**Exercise brief**
Your job with the data below is to output exactly the lines from the one holding "Short Sleeve Below" down to the one holding "Poet society. Dead", both included, and no others.

(Dataset excerpts begins)

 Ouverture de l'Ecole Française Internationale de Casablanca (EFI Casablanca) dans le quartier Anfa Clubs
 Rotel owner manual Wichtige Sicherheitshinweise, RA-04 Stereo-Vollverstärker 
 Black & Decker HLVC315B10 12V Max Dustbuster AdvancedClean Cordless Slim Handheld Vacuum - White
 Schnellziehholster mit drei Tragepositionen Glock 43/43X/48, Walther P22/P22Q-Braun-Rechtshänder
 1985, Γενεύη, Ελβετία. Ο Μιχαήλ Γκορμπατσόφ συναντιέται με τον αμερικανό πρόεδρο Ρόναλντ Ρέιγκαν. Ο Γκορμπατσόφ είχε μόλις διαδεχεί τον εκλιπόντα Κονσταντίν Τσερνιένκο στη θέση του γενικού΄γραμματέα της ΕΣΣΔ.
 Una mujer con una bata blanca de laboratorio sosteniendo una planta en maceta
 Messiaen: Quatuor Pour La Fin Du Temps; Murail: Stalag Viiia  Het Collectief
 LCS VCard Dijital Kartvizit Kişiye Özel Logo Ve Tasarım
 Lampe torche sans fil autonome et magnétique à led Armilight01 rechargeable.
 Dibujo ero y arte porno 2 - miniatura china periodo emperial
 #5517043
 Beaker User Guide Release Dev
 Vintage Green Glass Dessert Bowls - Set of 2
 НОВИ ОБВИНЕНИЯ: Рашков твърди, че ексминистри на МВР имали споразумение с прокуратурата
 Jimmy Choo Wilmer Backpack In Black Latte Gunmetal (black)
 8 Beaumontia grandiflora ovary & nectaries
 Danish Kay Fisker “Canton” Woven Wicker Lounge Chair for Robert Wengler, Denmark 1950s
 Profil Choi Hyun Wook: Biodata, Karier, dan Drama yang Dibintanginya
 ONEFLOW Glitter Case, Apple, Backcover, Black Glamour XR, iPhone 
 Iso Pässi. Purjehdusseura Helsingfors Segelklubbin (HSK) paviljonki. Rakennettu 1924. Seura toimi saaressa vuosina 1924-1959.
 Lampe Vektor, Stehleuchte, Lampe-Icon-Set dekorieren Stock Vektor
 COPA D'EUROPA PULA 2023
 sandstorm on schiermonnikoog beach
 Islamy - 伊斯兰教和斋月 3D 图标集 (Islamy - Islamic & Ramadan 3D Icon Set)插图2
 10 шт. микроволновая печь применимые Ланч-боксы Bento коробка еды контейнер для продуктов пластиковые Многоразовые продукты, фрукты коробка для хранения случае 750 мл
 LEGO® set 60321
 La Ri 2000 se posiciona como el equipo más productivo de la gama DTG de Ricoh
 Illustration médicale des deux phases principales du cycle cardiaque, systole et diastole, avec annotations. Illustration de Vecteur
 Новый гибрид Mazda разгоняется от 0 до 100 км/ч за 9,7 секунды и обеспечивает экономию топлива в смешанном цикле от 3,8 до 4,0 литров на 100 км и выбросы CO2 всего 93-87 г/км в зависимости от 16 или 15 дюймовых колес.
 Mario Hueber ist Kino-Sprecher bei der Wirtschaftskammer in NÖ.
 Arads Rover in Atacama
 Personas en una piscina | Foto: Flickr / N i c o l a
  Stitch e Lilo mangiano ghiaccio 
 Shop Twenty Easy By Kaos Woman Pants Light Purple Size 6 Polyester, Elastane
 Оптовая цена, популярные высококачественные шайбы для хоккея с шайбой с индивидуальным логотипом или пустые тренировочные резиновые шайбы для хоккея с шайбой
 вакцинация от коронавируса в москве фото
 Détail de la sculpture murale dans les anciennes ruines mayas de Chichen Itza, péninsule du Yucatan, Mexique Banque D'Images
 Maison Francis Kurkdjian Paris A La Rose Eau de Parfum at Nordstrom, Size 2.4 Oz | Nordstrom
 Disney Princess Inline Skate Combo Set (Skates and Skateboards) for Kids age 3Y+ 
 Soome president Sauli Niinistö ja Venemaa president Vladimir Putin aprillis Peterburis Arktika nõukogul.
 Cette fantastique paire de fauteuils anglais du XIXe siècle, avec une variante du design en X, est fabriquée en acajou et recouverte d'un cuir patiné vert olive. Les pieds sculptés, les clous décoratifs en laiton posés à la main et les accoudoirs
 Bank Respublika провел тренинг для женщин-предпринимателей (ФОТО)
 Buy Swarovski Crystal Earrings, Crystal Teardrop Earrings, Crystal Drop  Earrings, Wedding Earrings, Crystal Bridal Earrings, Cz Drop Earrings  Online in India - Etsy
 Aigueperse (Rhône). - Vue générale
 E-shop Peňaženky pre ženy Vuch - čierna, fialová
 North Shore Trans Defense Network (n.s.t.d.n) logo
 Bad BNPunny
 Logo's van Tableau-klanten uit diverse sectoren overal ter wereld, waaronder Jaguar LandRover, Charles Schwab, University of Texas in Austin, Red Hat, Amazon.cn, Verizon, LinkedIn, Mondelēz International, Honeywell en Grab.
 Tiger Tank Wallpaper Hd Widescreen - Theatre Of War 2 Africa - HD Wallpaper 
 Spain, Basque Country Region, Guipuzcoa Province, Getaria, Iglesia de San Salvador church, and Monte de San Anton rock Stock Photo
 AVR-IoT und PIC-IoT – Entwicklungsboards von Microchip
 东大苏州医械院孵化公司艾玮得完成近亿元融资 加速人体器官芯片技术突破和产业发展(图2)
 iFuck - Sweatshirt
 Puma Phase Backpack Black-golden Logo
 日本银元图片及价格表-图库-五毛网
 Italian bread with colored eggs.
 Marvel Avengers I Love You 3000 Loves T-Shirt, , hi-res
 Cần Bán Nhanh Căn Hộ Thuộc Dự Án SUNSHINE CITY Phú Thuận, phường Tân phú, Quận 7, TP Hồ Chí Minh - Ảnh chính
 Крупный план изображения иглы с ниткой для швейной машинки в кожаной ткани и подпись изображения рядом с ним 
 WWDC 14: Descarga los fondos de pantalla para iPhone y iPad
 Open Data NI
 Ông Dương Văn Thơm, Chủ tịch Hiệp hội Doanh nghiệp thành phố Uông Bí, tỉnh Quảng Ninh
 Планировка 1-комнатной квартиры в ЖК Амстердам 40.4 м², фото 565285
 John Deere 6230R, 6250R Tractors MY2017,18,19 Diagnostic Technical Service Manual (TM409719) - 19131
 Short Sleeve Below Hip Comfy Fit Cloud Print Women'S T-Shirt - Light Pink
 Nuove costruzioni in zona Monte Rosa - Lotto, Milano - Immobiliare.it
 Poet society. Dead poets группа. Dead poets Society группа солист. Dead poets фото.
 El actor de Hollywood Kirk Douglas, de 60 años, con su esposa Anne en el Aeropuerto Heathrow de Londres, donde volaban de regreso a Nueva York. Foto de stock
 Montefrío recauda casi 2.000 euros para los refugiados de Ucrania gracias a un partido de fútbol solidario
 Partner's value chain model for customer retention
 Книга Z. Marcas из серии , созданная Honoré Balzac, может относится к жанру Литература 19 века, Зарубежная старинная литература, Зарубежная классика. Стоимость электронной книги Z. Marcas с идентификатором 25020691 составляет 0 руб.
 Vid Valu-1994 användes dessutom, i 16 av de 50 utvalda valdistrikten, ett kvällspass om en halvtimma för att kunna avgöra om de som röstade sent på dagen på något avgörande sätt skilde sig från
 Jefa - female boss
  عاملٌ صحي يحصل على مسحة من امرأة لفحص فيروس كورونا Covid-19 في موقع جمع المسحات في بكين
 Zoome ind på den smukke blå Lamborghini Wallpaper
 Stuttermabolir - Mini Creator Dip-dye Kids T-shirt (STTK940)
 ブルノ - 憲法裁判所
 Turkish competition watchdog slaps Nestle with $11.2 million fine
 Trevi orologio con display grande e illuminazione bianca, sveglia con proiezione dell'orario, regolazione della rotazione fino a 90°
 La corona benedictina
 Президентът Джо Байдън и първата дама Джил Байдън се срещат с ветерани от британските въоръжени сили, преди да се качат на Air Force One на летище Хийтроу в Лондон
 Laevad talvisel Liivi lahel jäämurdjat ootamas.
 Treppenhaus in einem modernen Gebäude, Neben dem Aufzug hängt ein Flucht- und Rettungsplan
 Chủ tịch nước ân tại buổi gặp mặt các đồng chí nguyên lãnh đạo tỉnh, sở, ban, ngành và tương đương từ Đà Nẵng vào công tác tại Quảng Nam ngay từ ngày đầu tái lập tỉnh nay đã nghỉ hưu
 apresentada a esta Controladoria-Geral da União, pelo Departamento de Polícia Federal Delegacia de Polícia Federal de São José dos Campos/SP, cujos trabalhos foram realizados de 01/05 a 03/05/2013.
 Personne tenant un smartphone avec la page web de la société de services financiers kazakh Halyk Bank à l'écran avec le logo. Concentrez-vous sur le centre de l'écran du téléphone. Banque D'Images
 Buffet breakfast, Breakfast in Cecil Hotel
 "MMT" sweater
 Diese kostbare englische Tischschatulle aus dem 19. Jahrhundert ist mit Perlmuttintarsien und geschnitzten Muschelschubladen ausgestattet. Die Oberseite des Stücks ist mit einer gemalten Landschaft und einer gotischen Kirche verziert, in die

(Dataset excerpts ends)

**Solution to the exercise**
 Short Sleeve Below Hip Comfy Fit Cloud Print Women'S T-Shirt - Light Pink
 Nuove costruzioni in zona Monte Rosa - Lotto, Milano - Immobiliare.it
 Poet society. Dead poets группа. Dead poets Society группа солист. Dead poets фото.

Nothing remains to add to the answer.